*TASK INSTRUCTIONS*
Quote the records below word for word, please, from the very first line through the one that contains "stock image of hand holding light bulb", and nothing beyond it.

*Saved data entries*
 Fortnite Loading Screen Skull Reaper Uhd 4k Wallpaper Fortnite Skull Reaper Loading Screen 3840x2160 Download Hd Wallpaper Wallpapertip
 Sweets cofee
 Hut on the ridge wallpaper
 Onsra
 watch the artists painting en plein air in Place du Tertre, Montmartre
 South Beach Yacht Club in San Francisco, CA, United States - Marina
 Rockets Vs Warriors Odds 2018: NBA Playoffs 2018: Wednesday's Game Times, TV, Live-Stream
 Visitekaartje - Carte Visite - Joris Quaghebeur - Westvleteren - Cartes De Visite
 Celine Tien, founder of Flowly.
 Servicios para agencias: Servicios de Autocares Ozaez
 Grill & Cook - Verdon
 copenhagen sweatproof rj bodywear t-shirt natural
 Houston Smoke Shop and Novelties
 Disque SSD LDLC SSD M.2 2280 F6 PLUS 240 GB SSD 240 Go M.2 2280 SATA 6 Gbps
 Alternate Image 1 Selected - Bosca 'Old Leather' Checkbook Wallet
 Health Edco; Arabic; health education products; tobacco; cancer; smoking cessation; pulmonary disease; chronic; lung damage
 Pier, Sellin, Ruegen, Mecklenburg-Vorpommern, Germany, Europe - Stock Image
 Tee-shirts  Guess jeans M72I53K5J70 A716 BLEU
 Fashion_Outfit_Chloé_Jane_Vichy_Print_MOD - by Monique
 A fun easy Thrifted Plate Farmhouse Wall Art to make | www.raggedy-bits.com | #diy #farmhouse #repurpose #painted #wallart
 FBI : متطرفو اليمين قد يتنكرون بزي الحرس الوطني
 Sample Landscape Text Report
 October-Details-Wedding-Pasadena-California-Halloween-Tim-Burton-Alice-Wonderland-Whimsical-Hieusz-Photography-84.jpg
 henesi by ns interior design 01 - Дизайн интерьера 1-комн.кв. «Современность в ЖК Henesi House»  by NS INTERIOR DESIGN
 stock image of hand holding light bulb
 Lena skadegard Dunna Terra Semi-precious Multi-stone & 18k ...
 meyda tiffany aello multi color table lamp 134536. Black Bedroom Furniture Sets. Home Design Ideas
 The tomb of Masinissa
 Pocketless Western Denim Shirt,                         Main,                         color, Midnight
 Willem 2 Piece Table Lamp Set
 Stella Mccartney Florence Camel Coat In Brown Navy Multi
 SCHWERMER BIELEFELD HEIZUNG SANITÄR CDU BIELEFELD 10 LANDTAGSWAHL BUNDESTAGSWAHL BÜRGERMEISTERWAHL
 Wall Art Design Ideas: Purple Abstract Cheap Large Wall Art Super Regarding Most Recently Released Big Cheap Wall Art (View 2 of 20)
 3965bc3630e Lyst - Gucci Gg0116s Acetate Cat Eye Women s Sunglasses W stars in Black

*ANSWER TO THE PROBLEM*
 Fortnite Loading Screen Skull Reaper Uhd 4k Wallpaper Fortnite Skull Reaper Loading Screen 3840x2160 Download Hd Wallpaper Wallpapertip
 Sweets cofee
 Hut on the ridge wallpaper
 Onsra
 watch the artists painting en plein air in Place du Tertre, Montmartre
 South Beach Yacht Club in San Francisco, CA, United States - Marina
 Rockets Vs Warriors Odds 2018: NBA Playoffs 2018: Wednesday's Game Times, TV, Live-Stream
 Visitekaartje - Carte Visite - Joris Quaghebeur - Westvleteren - Cartes De Visite
 Celine Tien, founder of Flowly.
 Servicios para agencias: Servicios de Autocares Ozaez
 Grill & Cook - Verdon
 copenhagen sweatproof rj bodywear t-shirt natural
 Houston Smoke Shop and Novelties
 Disque SSD LDLC SSD M.2 2280 F6 PLUS 240 GB SSD 240 Go M.2 2280 SATA 6 Gbps
 Alternate Image 1 Selected - Bosca 'Old Leather' Checkbook Wallet
 Health Edco; Arabic; health education products; tobacco; cancer; smoking cessation; pulmonary disease; chronic; lung damage
 Pier, Sellin, Ruegen, Mecklenburg-Vorpommern, Germany, Europe - Stock Image
 Tee-shirts  Guess jeans M72I53K5J70 A716 BLEU
 Fashion_Outfit_Chloé_Jane_Vichy_Print_MOD - by Monique
 A fun easy Thrifted Plate Farmhouse Wall Art to make | www.raggedy-bits.com | #diy #farmhouse #repurpose #painted #wallart
 FBI : متطرفو اليمين قد يتنكرون بزي الحرس الوطني
 Sample Landscape Text Report
 October-Details-Wedding-Pasadena-California-Halloween-Tim-Burton-Alice-Wonderland-Whimsical-Hieusz-Photography-84.jpg
 henesi by ns interior design 01 - Дизайн интерьера 1-комн.кв. «Современность в ЖК Henesi House»  by NS INTERIOR DESIGN
 stock image of hand holding light bulb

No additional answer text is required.